I have a two-stage stochastic program as follows: \begin{align}\max&\quad f^\top y+\sum_{s}p_sc_s^\top x_s\\\text{s.t.}&\quad Ay=b\\&\quad W_sX_s+Ty \le h_s \quad \forall s \in S \\&\quad P_sx_s \le q_s \quad \forall s \in S \\&\quad x_s \ge 0\\&\quad y\in \{0,1\}&\quad\end{align} and I want to solve it with Lagrangian relaxation. I relaxed the constraints $$W_sX_s+Ty \le h_s \quad \forall s \in S,$$ and it is decomposed to a first-stage problem and $|S|$ sub-problems related to the second stage. I solved the problem but there is a huge gap between lower and upper bounds. I think I correctly applied the algorithm (Gurobi+Python), but I do not know why it happens.

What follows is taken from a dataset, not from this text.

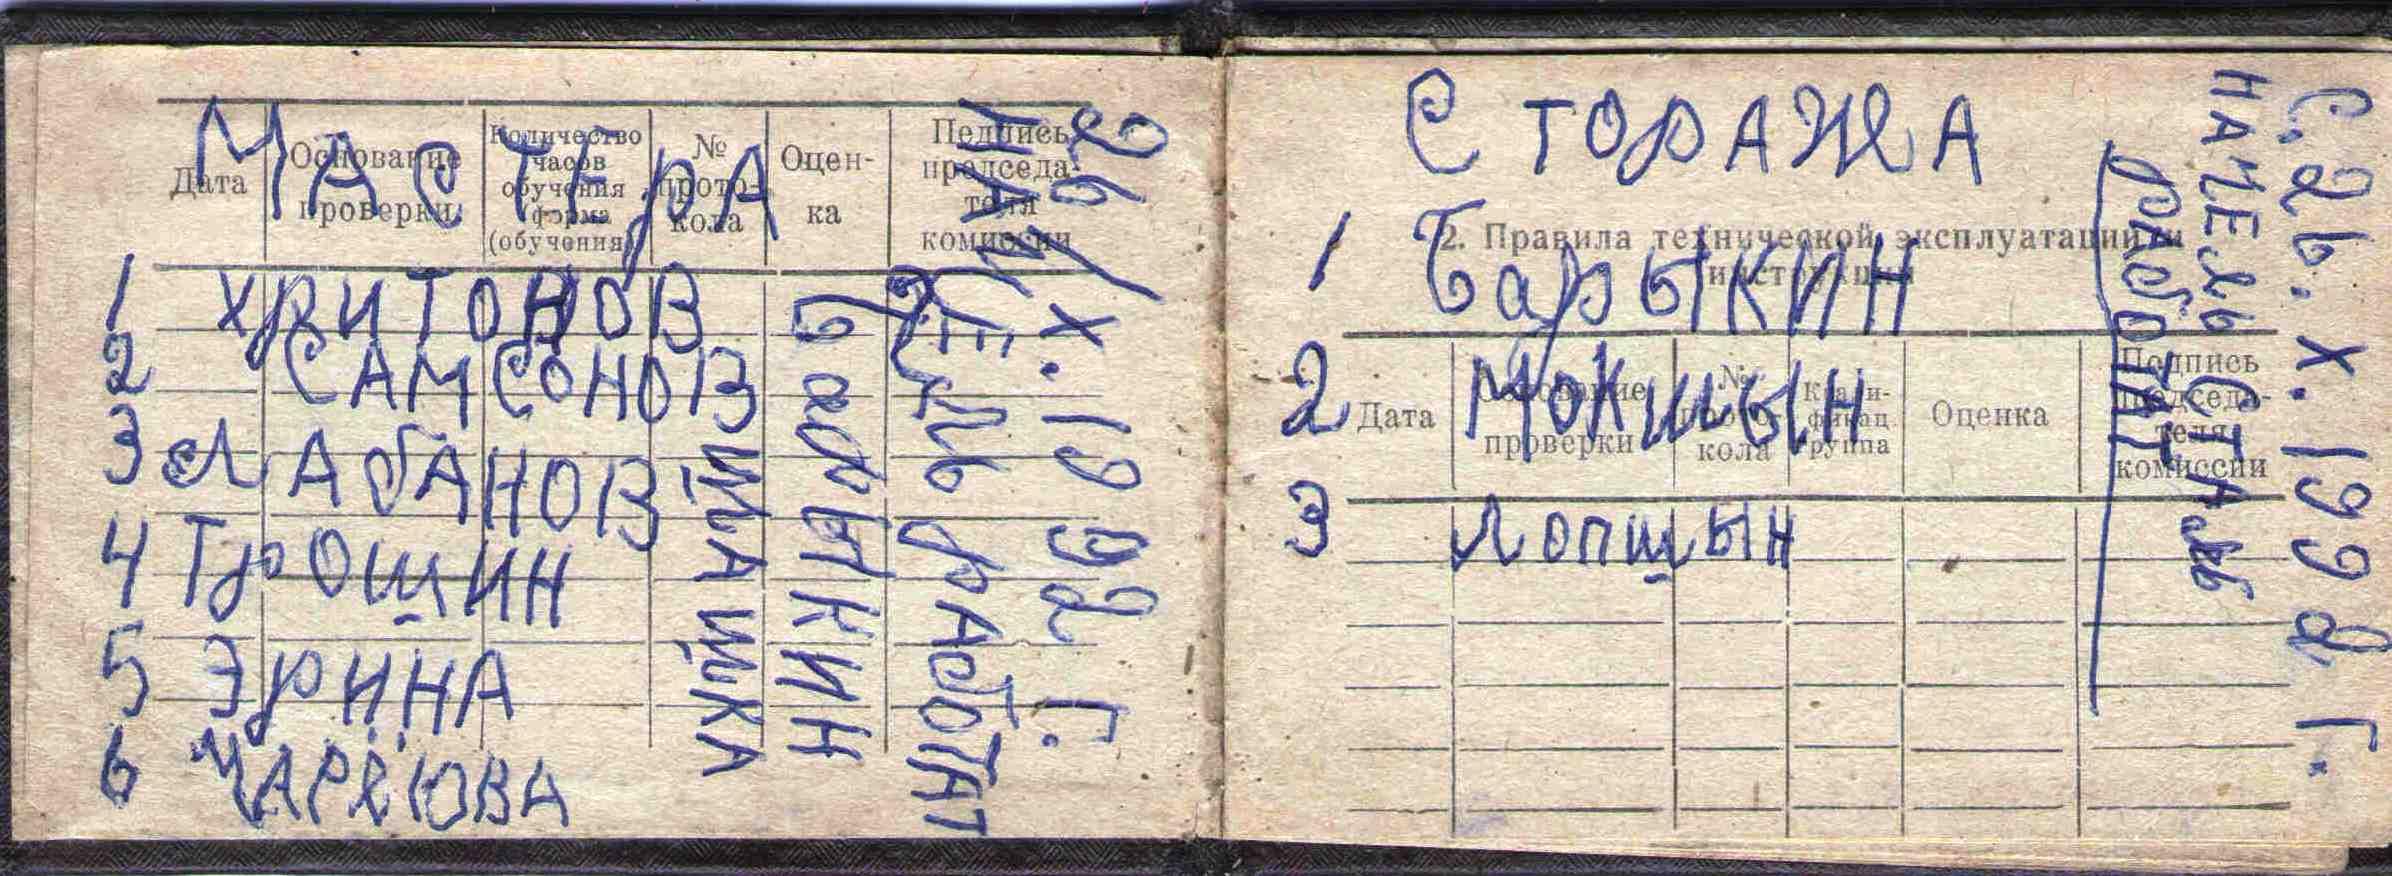 51. Удостоверение об образовании, Барыкин ПП, 1962

Also, I have used Benders decomposition to solve this problem and because the coupling constraints are related to capacity constraints and because these constraints are not active in the optimal solution, the dual variables corresponding to these constraints are mostly zero and in generated cuts, most $y$ variables have coefficients $0$ and it does not converge (or at least in a reasonable number of iterations).
I also used combinatorial Benders decomposition but it just excludes each solution and works like enumeration.
I would be thankful if someone has a similar experience and let me know what I can do.